Task prompt:
Repeat the listing below line by line, exactly, leaving its pictures behind.

Dataset content:
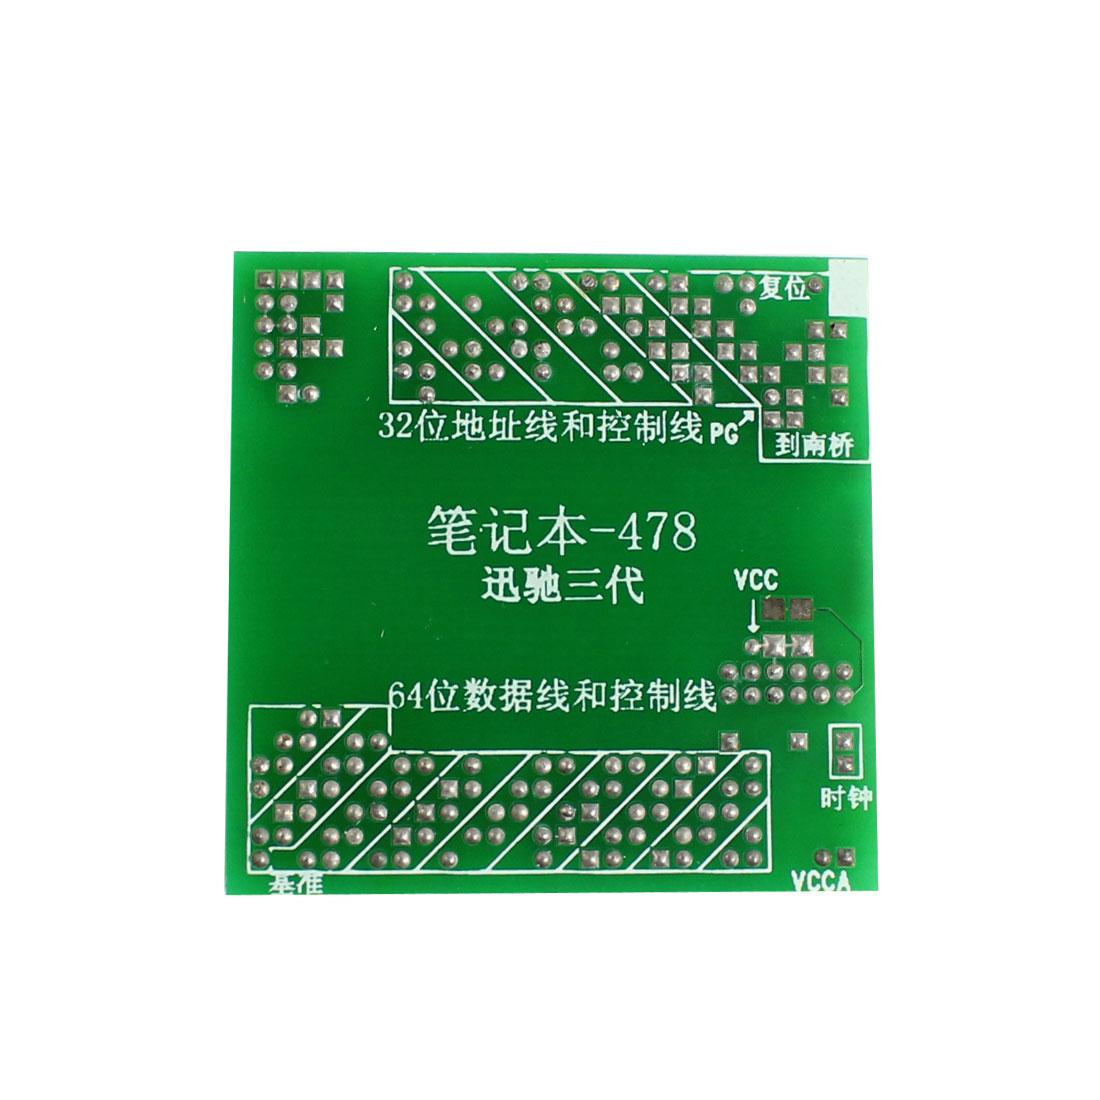 Laptop Notebook 478 CPU Socket Tester Repair Tools Centrino Three Generations
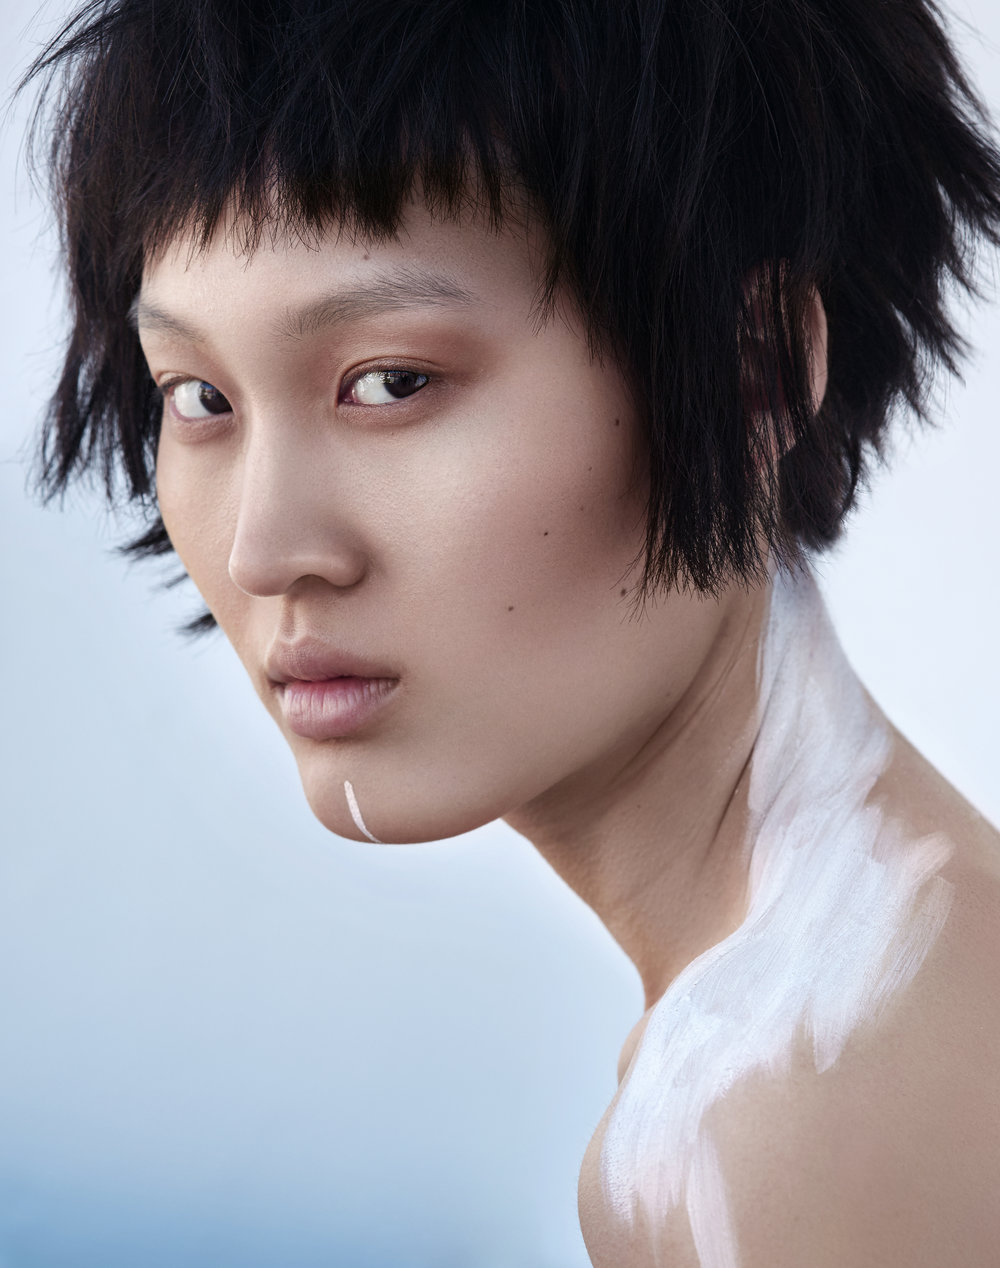 Anna Dabrowska beauty 023.jpg
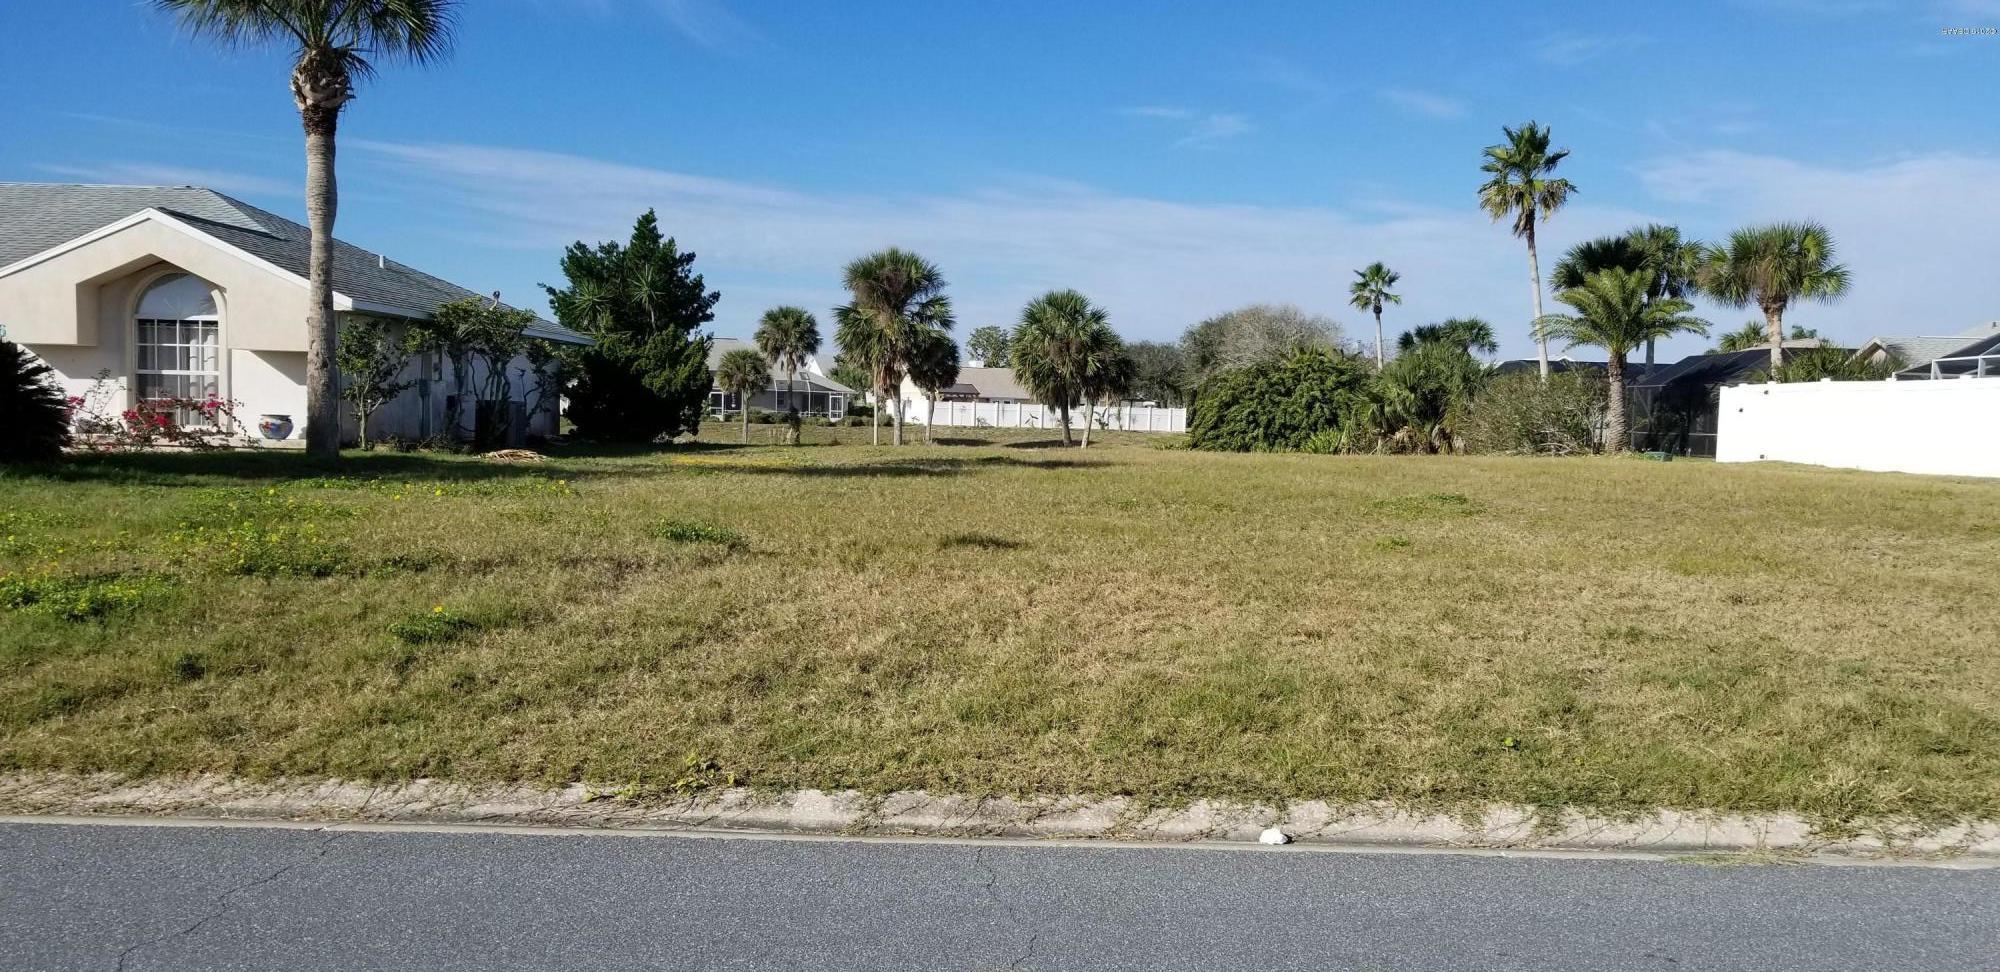 4  Sea Raven Terrace, Ormond-By-The-Sea in Volusia County, FL 32176 Home for Sale

Task output:
 Laptop Notebook 478 CPU Socket Tester Repair Tools Centrino Three Generations
 Anna Dabrowska beauty 023.jpg
 4  Sea Raven Terrace, Ormond-By-The-Sea in Volusia County, FL 32176 Home for Sale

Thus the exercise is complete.